A Dataset for Audio-Visual Reasoning through
Structured Scripts and Evidence Chains
1Nanjing University 2CASIA
* Corresponding author
Motivation
Existing pipelines often split videos into short clips, caption audio and vision separately, and generate QA directly from long descriptions.
While highly scalable, this paradigm weakens the deep temporal connections and multimodal interactions that complex audio-visual comprehension demands, leading to three major problems:
Sound-source associations break.
Entity references drift across clips.
QA is often limited to local events.
Use the main entity list as a global prior to integrate fragmented audio-visual information into a coherent, structured script.
Instead of directly generating QA from the long description, the model is first asked to mine the audio-visual cues.
OmniVideo-100K
Method
The pipeline formalizes the raw video into a structured text representation, enabling LLMs to mine evidence chains before QA synthesis.
Script: a summary, a main entity list, and structured segment-wise descriptions that integrate speech, sounds, and visual information.
Use consistent identifiers (orange and green text) from the main entity list to ensure coherence across clips and associate speech with visual entities.
Mine cross-segment and cross-modal clues from the script.
Produce QA pairs based on the clues and relevant segments.
Why is Brunette Girl happy with her blind box?
Earlier [03:34 - 03:44], another person is shown holding a Pop Mart doll that carries a red soda can. Later [07:17 - 07:31], the scene shows the Brunette Girl holding her own newly unboxed doll, which carries a brown soda bottle labeled Coca-Cola.

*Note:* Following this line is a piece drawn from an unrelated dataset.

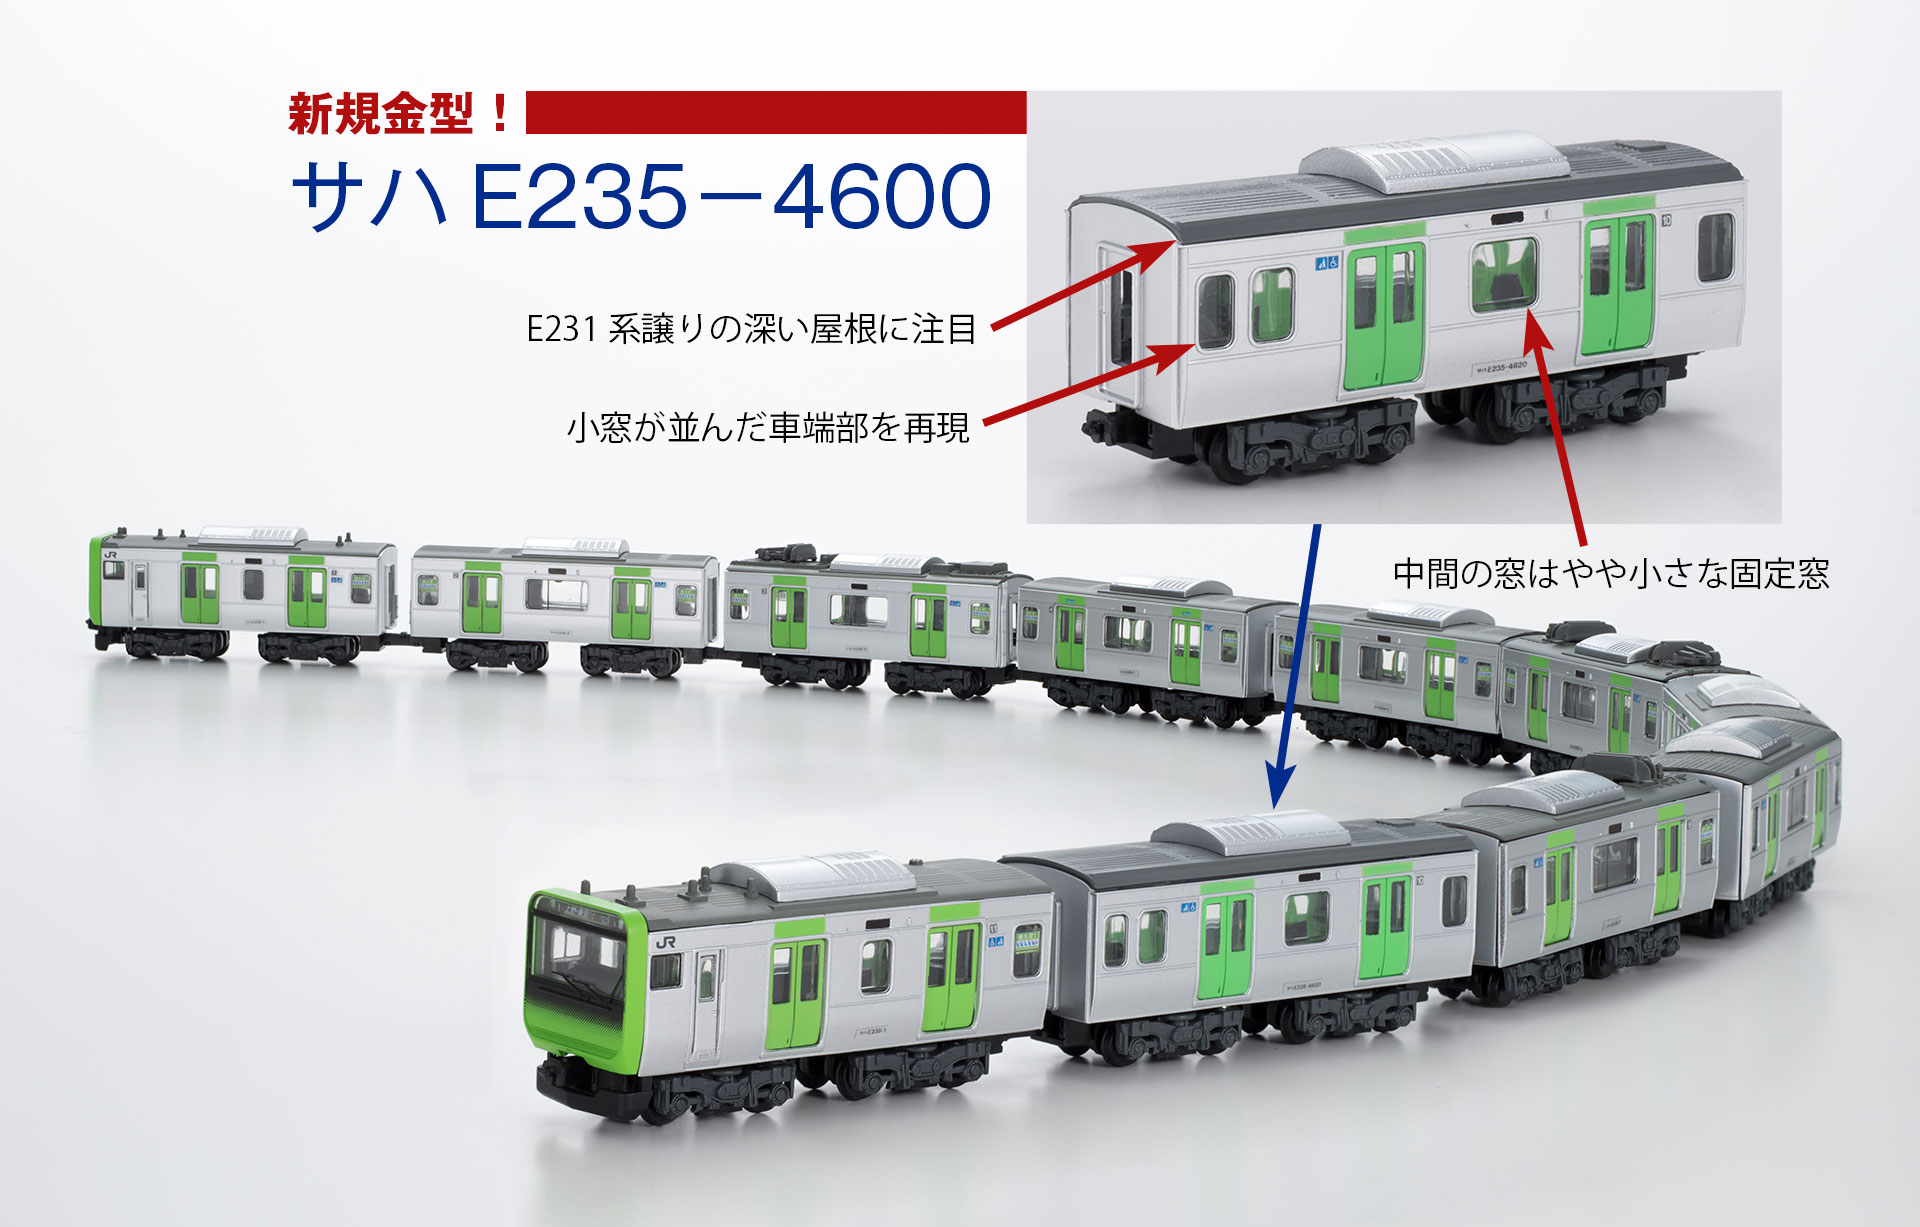 Bトレインショーティー 103系 30N 大阪環状線 | www.kinderpartys.at

At [03:34 - 03:39], upon seeing another doll being shown, Brunette Girl expresses her expectation: "I hope I get one with a coke bottle instead of a can though." Later, at [07:17 - 07:25], she opens her own blind box and happily exclaims: "I love it."
It is holding a bottle instead of a can.
Dataset
OmniVideo-100K provides automatically generated instruction-tuning samples; OmniVideo-Test features manually verified test samples.

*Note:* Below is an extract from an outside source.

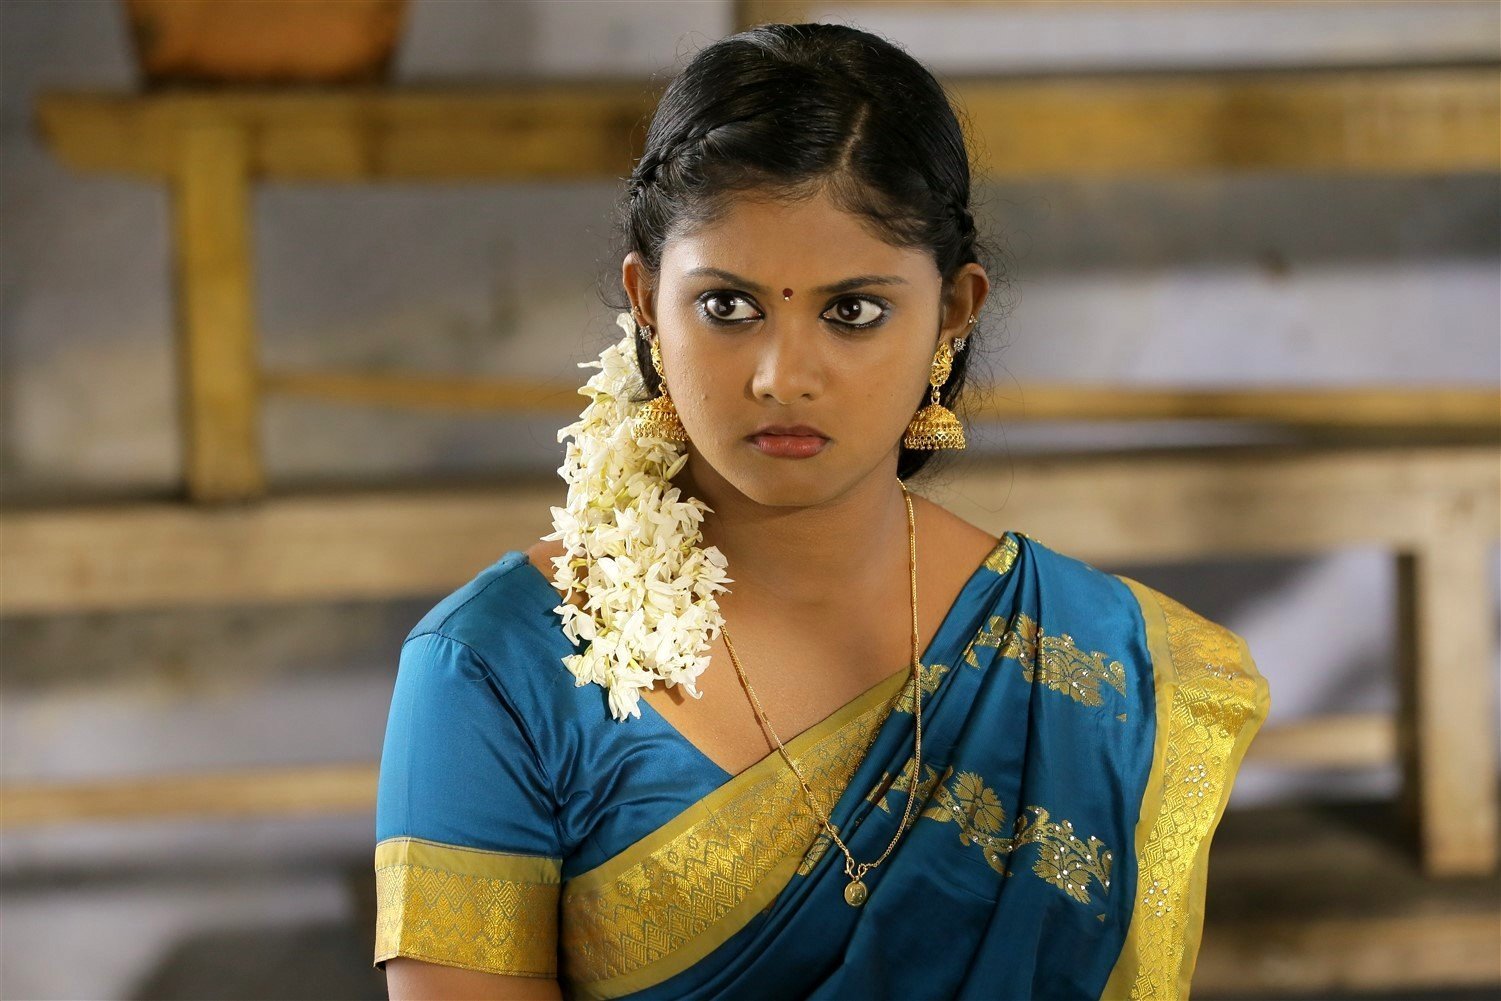 Shivani (Lolly Lolly Aararo) - Lolly Lolly Aararo Movie Hot Stills | Picture 1491473

Focuse on perceiving and synchronizing audio and vision along the timeline.
| Fine-Grained Perception | Perceive synchronized cross-modal details from given unimodal cues. |
| Scene Transformation Detection | Identify synchronized visual shifts using audio cues. |
Emphasize semantic analysis, linking cross-modal information to grasp narratives.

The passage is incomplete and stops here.